Volunteer Army gets Royal approval

Prince Harry and Sam Johnson with the army team (Supplied)
Prince Harry and Sam Johnson with the army team (Supplied)

The Student Volunteer Army (SVA) has got the Royal seal of approval from Prince Harry for their Serve for New Zealand campaign.

The campaign concept is getting members of the public pledging to do meaningful acts of service on days of national significance.

This week, His Royal Highness Prince Harry endorsed the initiative.

The idea for Serve for NZ originated when Prince Harry visited the University of Canterbury last year.

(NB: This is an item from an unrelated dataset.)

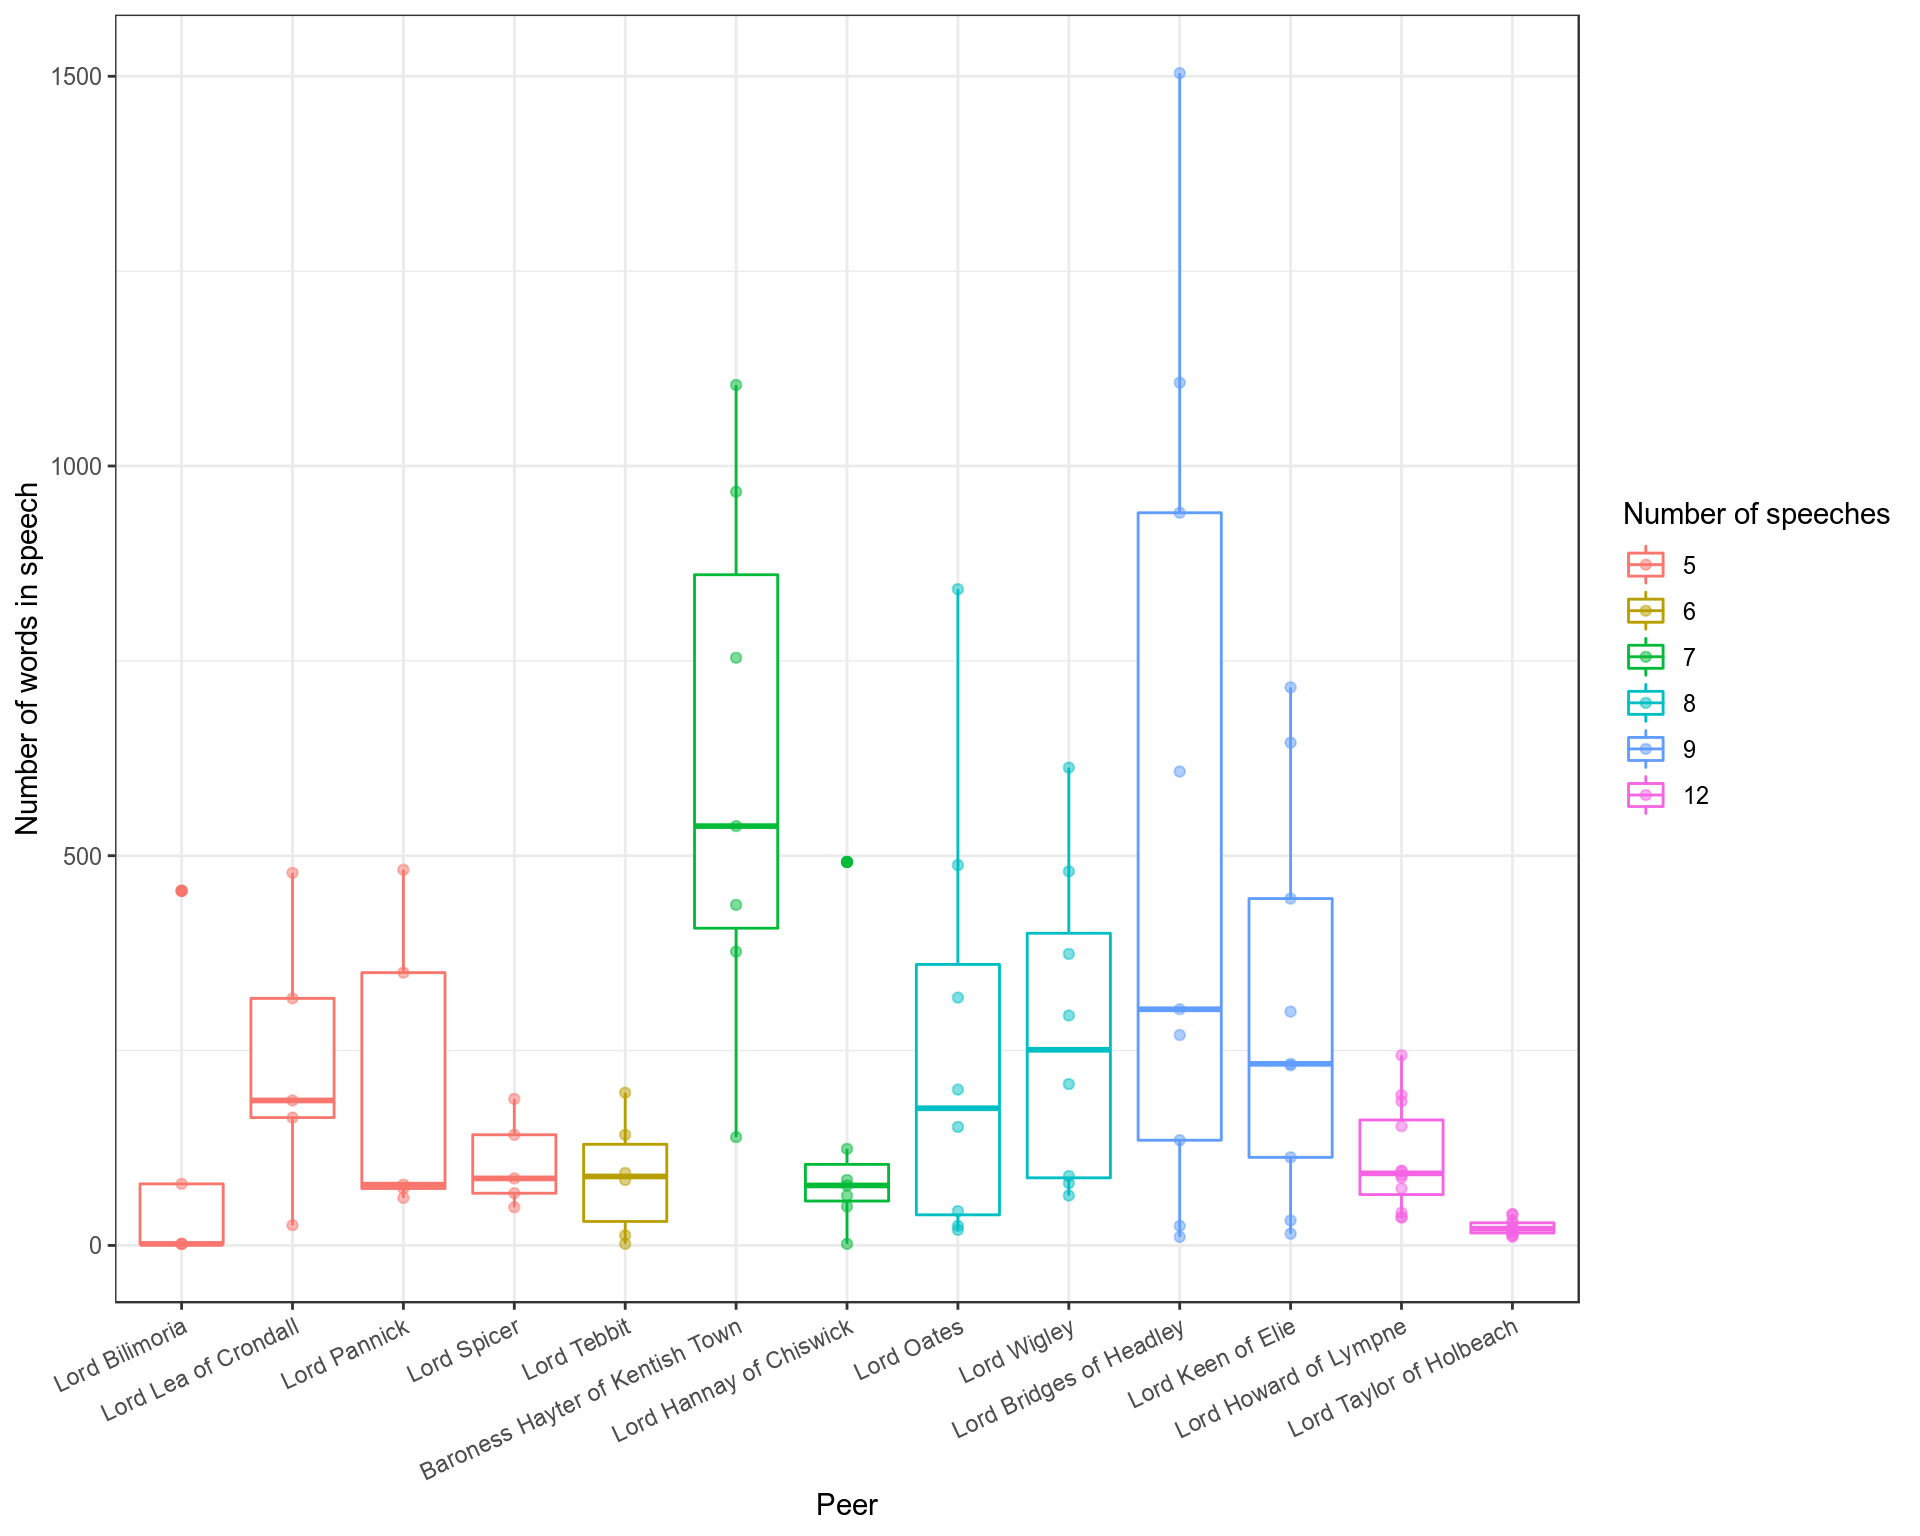 As above but with specific boxplots for each peer.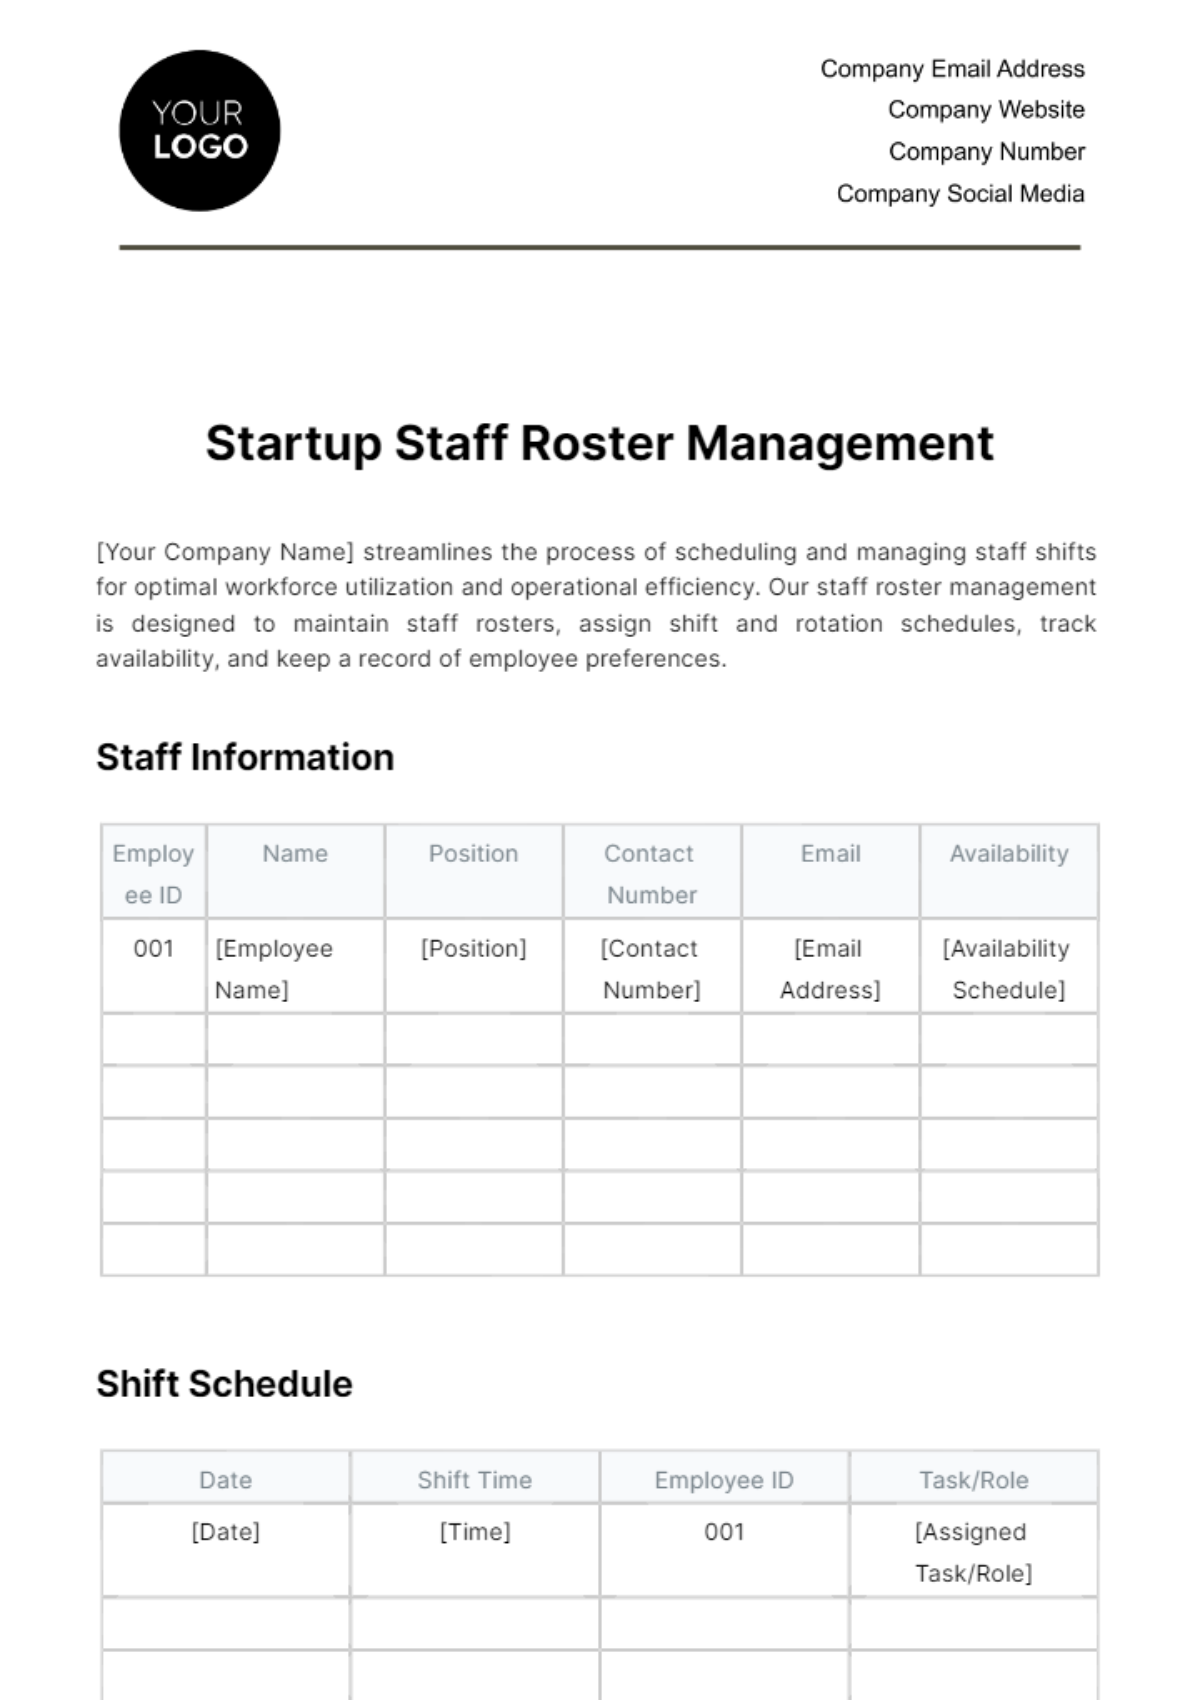 Free Startup Staff Roster Management Template

Prince Harry also met with veterans in Whanganui on his trip.

"I was particularly struck by that fact that, although very different in some respects, both groups shared a tremendous spirit of service and connection with their communities," he says.

"I am so pleased to see that this bond is being recognised through a new partnership between the SVA and the Royal New Zealand Returned and Services' Association."

The campaign has more than 4000 Kiwis signed up so far, including MPs and Ministers. The acts of service are meant to be undertaken in the lead up or on Anzac Day.

"This initiative is a way for Kiwis to remember the service of others in the past, and to continue that tradition of generosity and sacrifice in a practical way," Prince Harry says.

He encouraged others to get on board, being a strong supporter of grassroots projects.

Prince Harry with volunteer students (Supplied)

SVA founder Sam Johnson says the international support from Prince Harry and his family to Christchurch following the earthquakes has ensured movements like the SVA continue to have a positive impact.

"During his visit, Prince Harry emphasised the importance of sharing the lessons we have learned from Christchurch and other disasters, such as Nepal, and to look at how to grow the movement to support and involve more people."

Mr Johnson says it's about coming together to do good not just as a community but as a whole nation.

Canterbury University Vice Chancellor Rod Carr has supported the campaign as well.

An example of a group already doing their bit for the campaign is an army of 206 students and 12 teachers from Omokoroa Point School in the Bay of Plenty. The group spent an hour collecting rubbish and cleaning up their local peninsula this week. Students from Limehills School in Southland gave a new lease of life to the Limehills War Memorial as well.

A website has been set up for people to pledge.